Data provided:
--- START ---
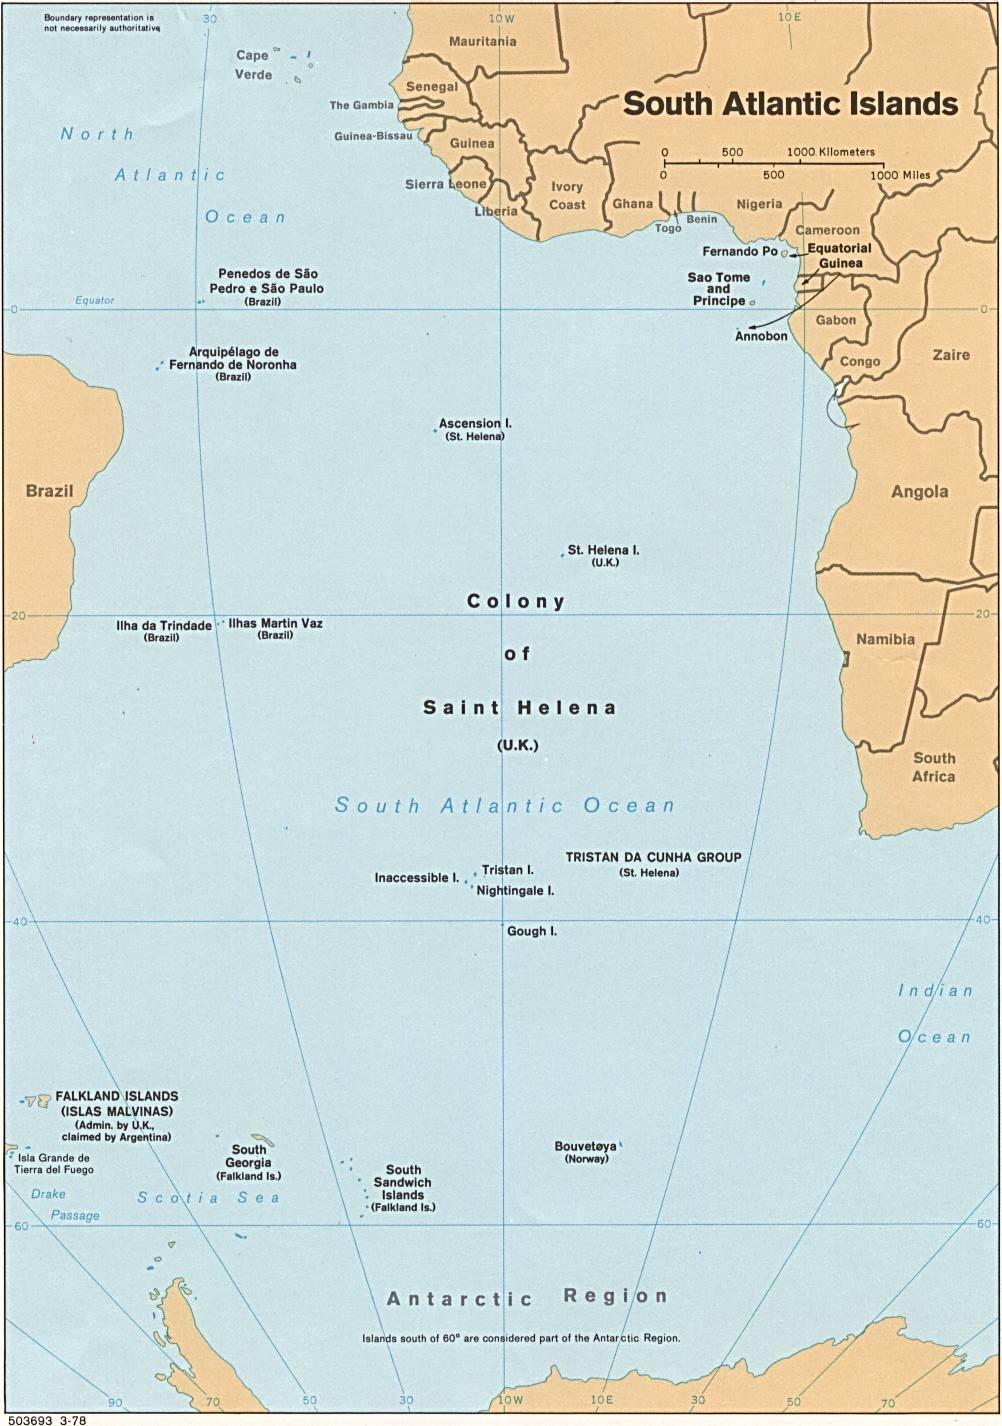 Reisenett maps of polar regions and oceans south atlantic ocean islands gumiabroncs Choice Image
--- END ---
--- START ---
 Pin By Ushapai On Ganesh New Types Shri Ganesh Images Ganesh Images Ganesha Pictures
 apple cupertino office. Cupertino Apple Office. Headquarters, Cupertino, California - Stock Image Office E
--- END ---
--- START ---
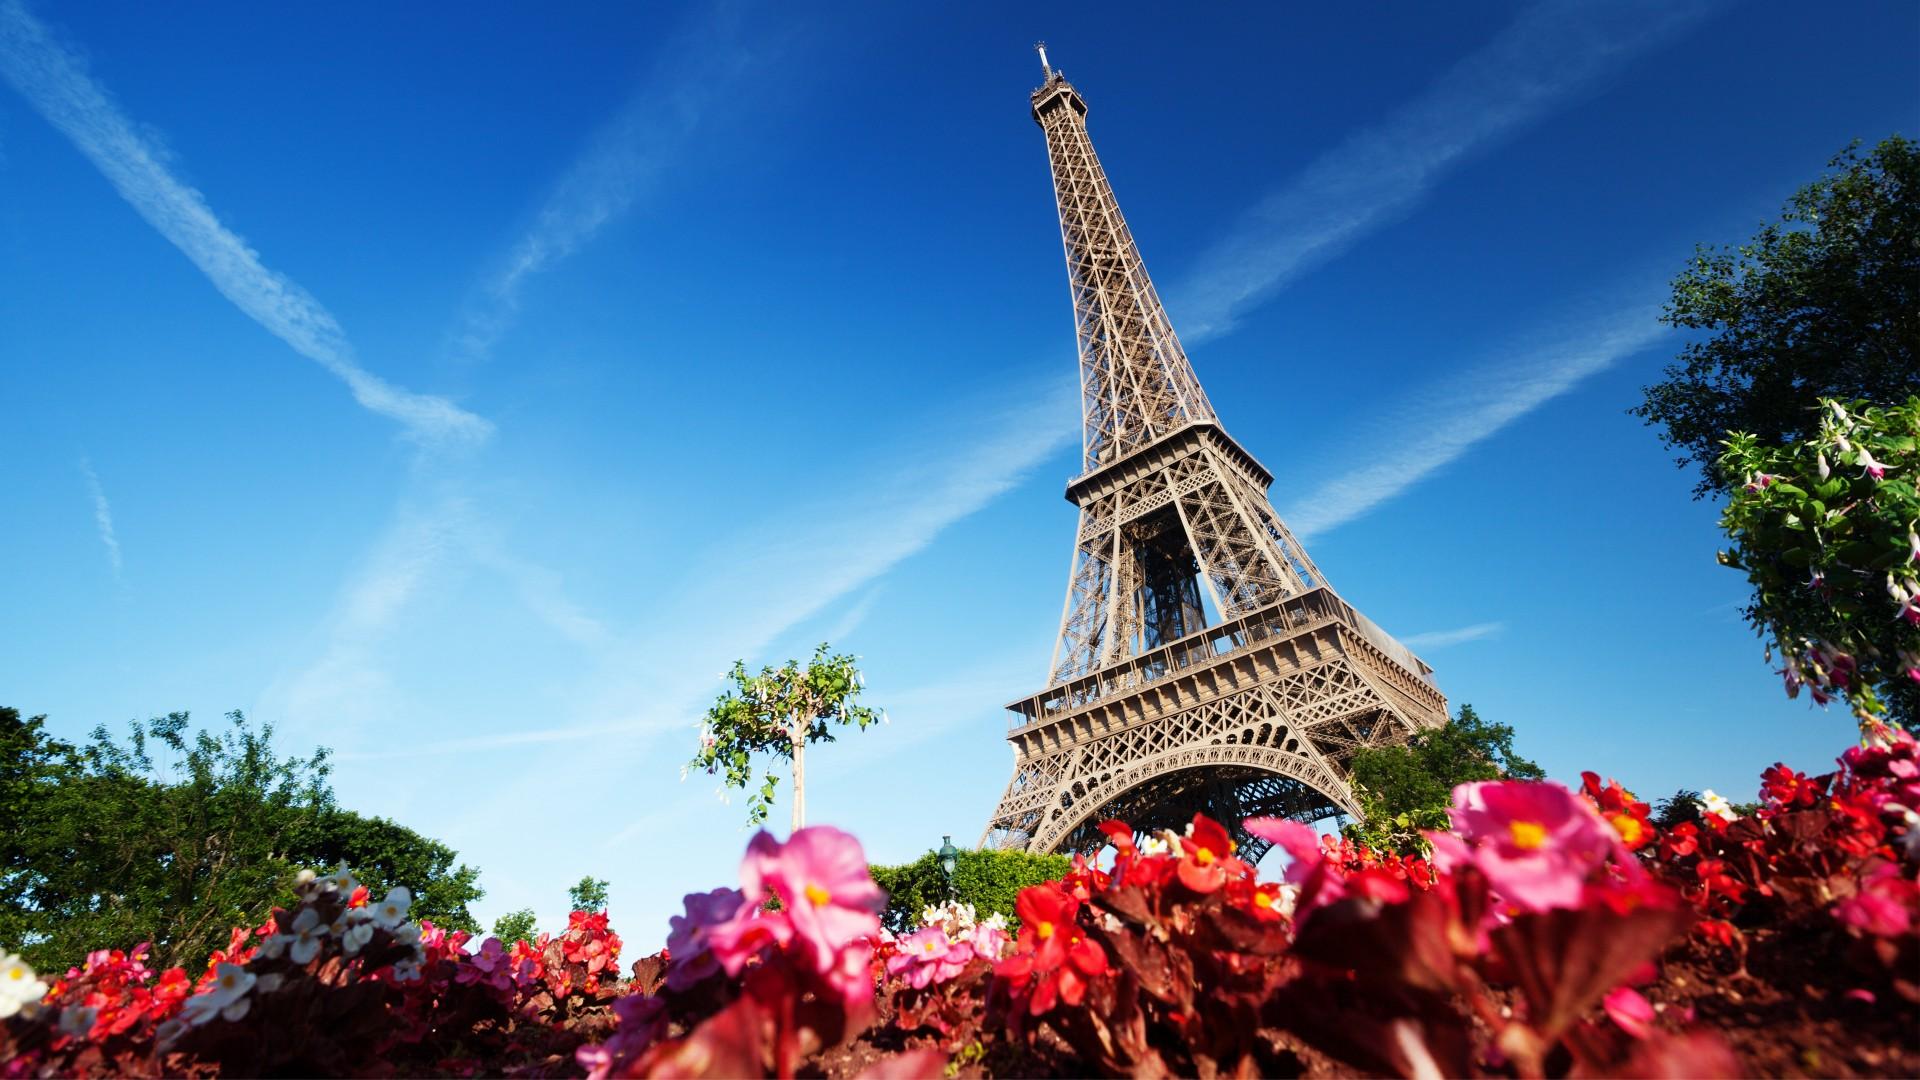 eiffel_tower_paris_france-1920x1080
--- END ---
Your assignment: Once you find the line with "Pin By Ushapai" above, print it and every line after it up to and including the line with "apple cupertino office.", exactly as written and nothing else.

Result of the task:
 Pin By Ushapai On Ganesh New Types Shri Ganesh Images Ganesh Images Ganesha Pictures
 apple cupertino office. Cupertino Apple Office. Headquarters, Cupertino, California - Stock Image Office E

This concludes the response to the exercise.